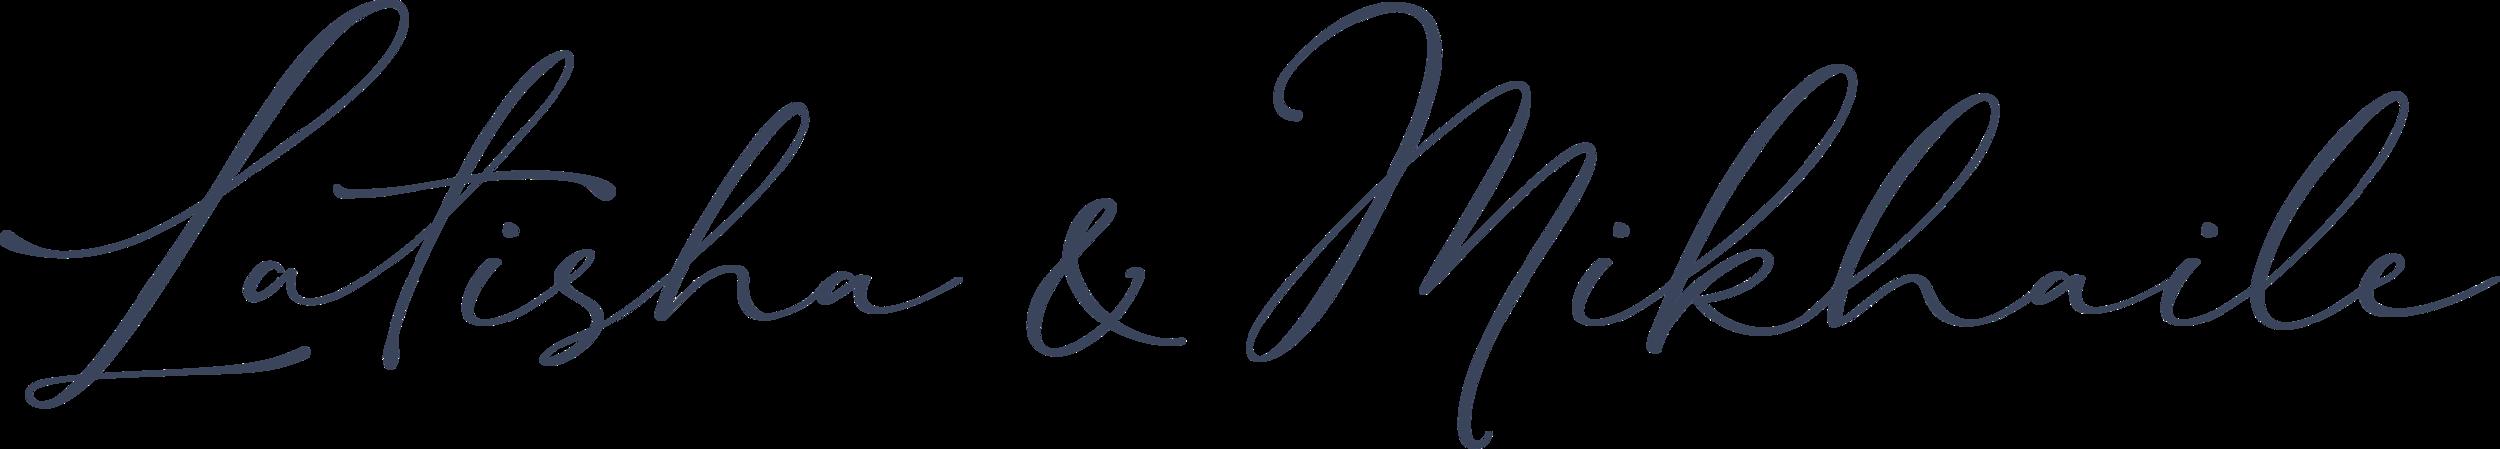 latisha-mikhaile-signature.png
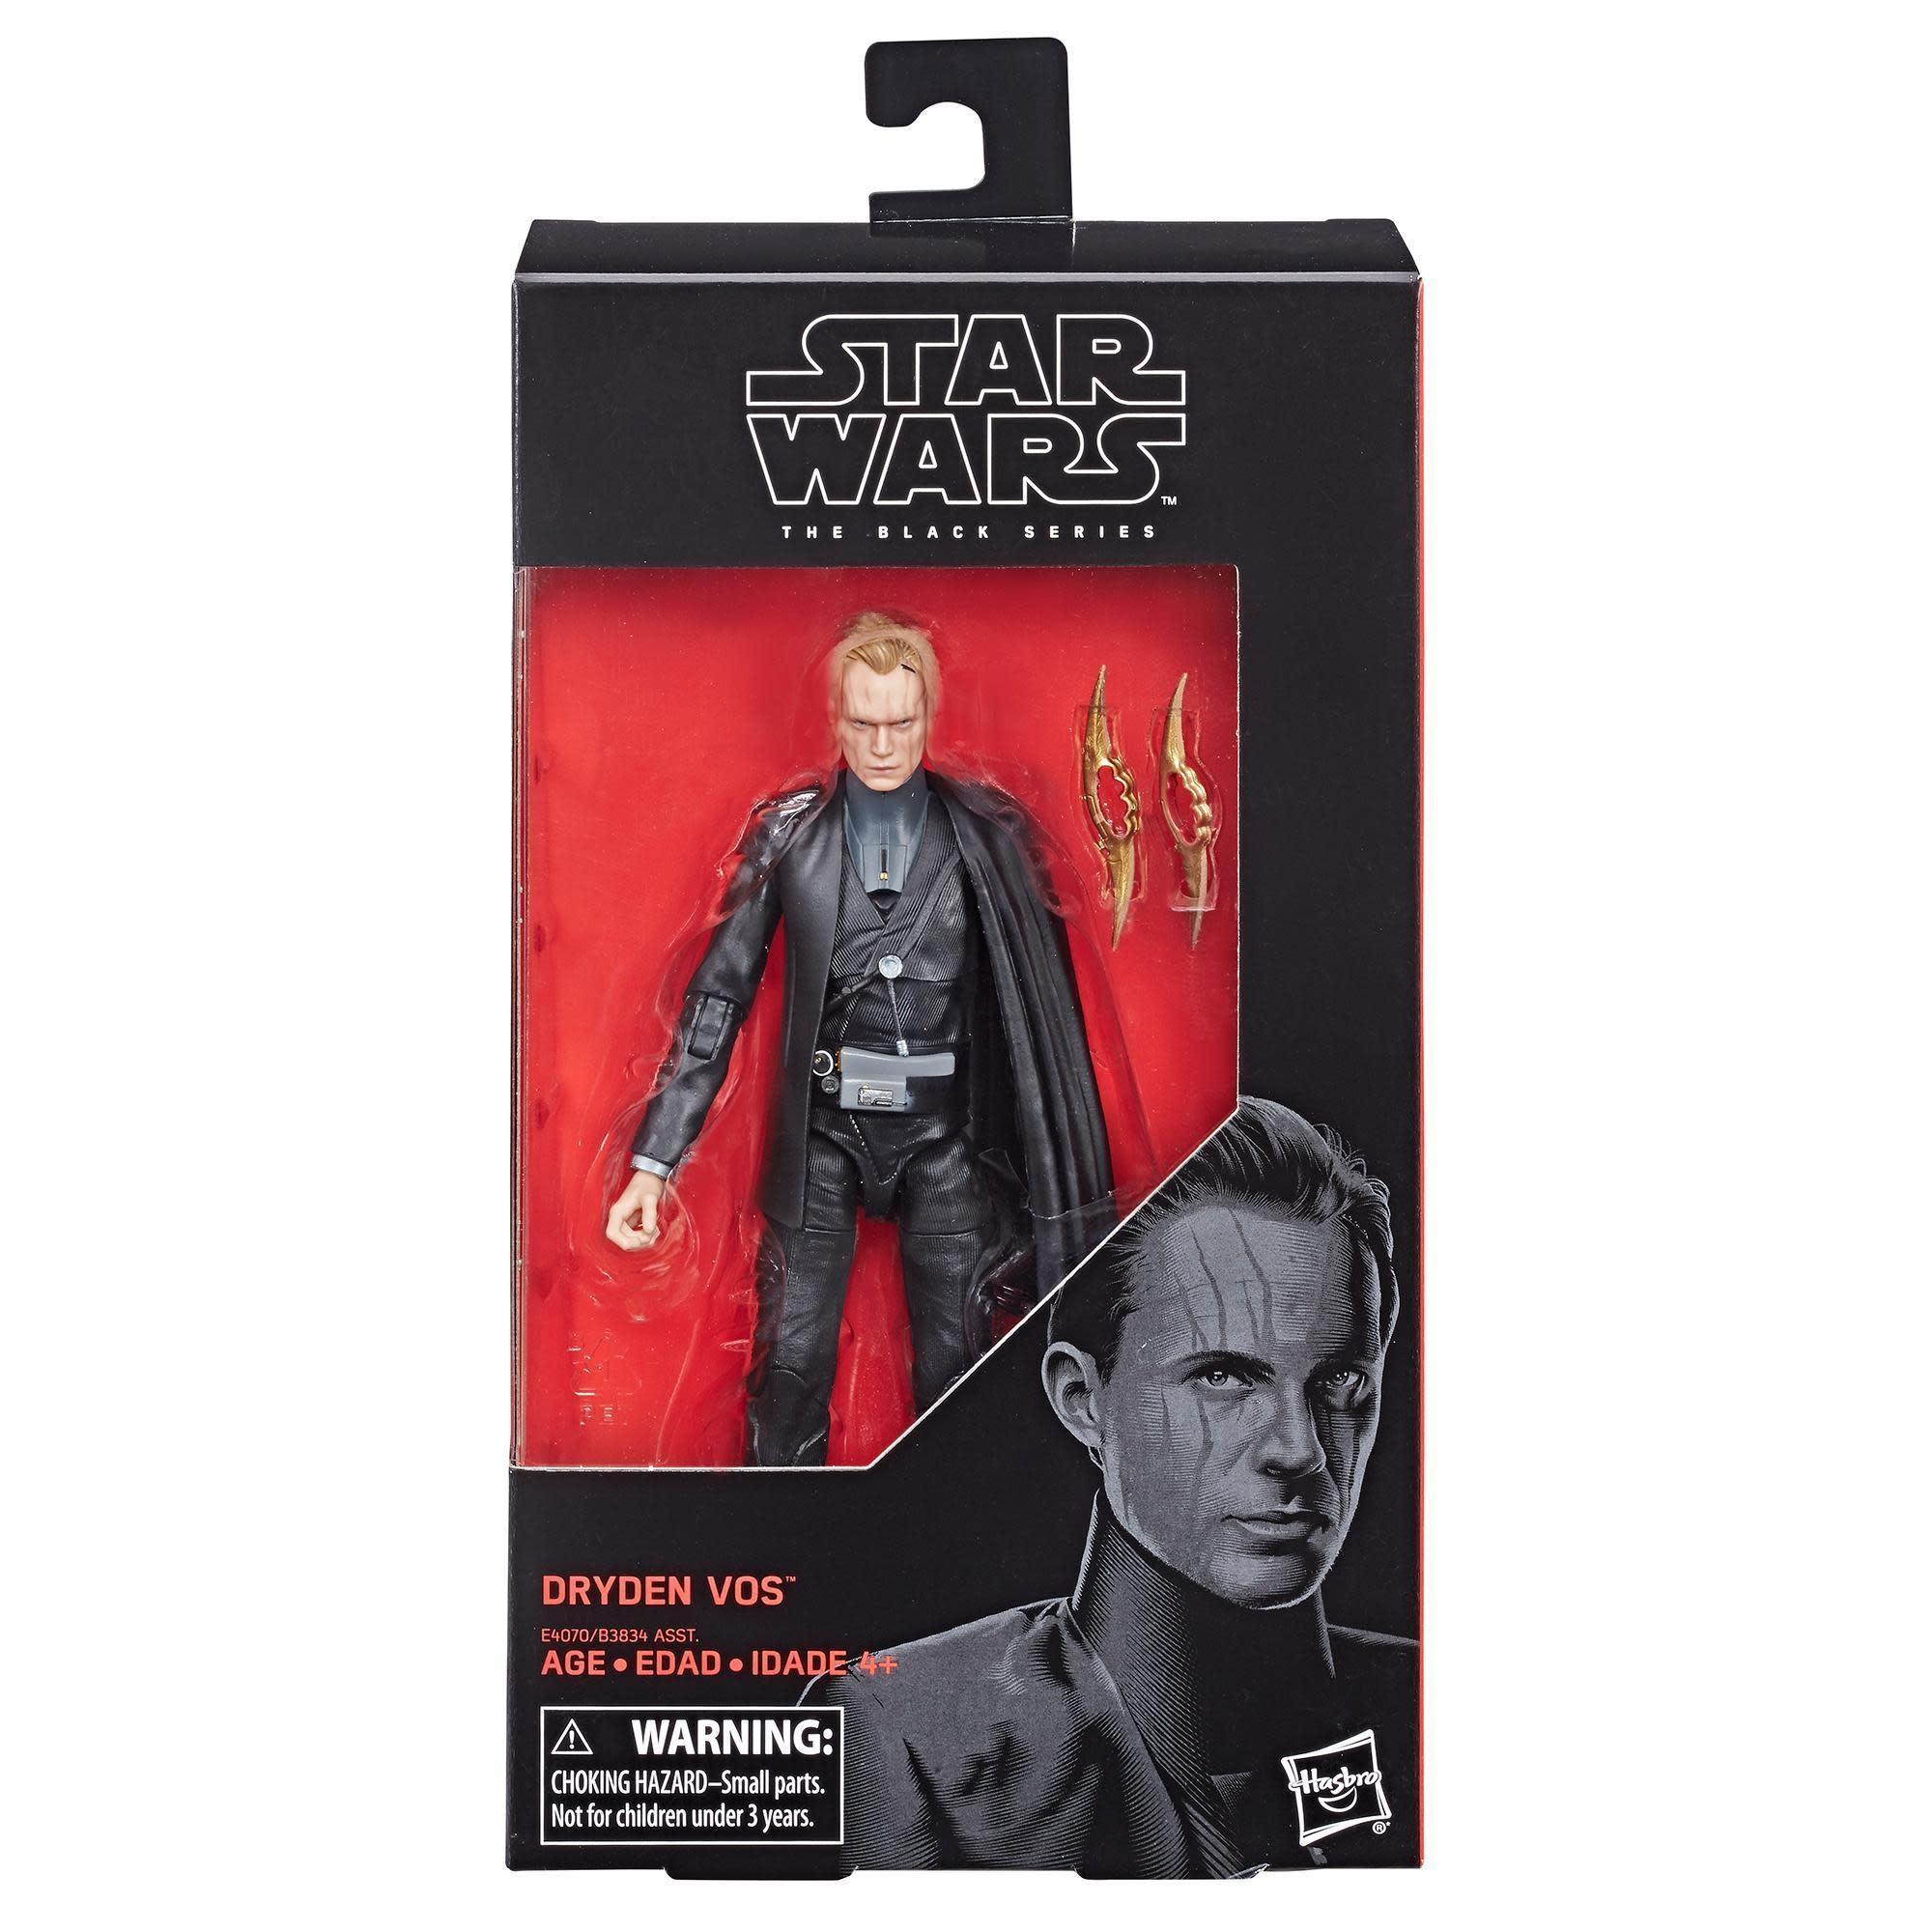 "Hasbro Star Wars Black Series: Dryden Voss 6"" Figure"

------------------------------------------------------------

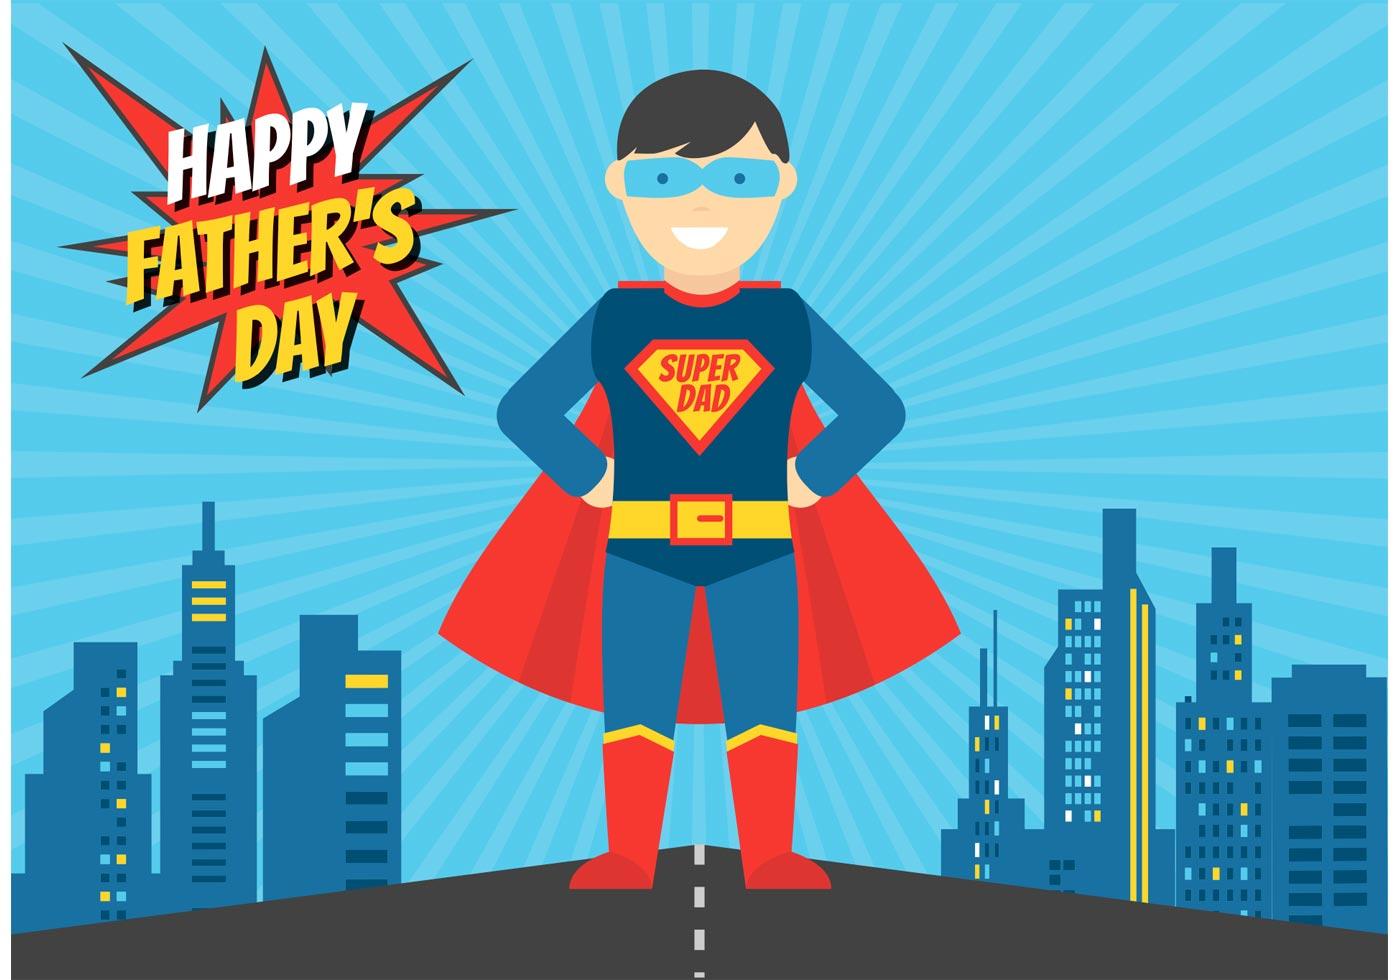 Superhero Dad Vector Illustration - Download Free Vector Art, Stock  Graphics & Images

------------------------------------------------------------

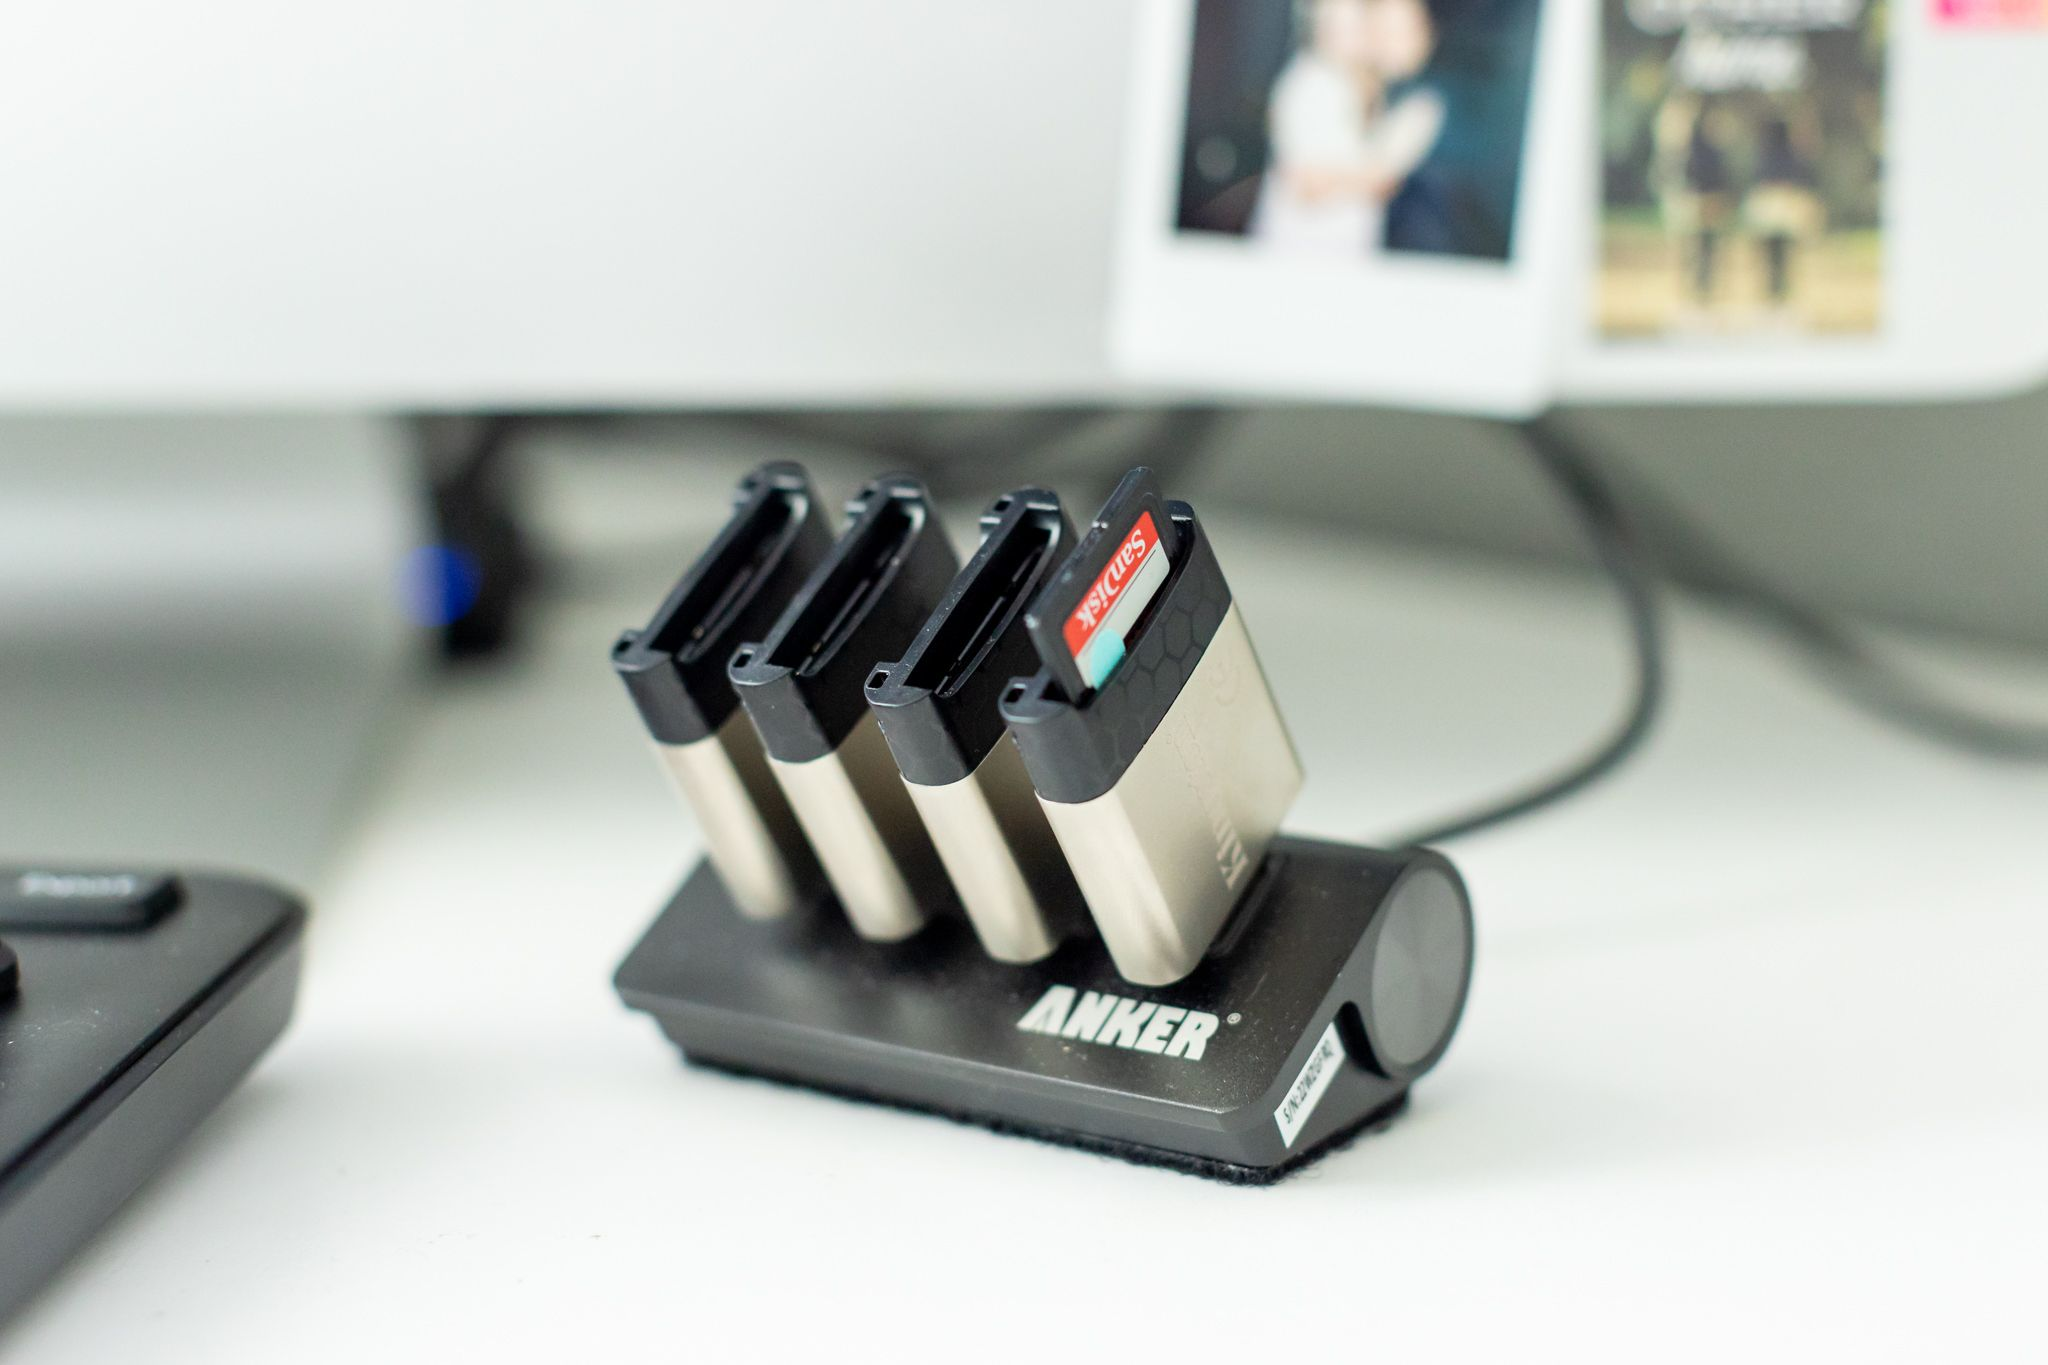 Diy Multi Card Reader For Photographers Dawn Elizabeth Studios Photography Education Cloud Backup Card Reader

------------------------------------------------------------

- Work task
I'd like the lines above repeated exactly, from the one that contains "latisha-mikhaile-signature.png" through the one that contains "Star Wars Black", with no pictures.

- Reply to the task
 latisha-mikhaile-signature.png
 "Hasbro Star Wars Black Series: Dryden Voss 6"" Figure"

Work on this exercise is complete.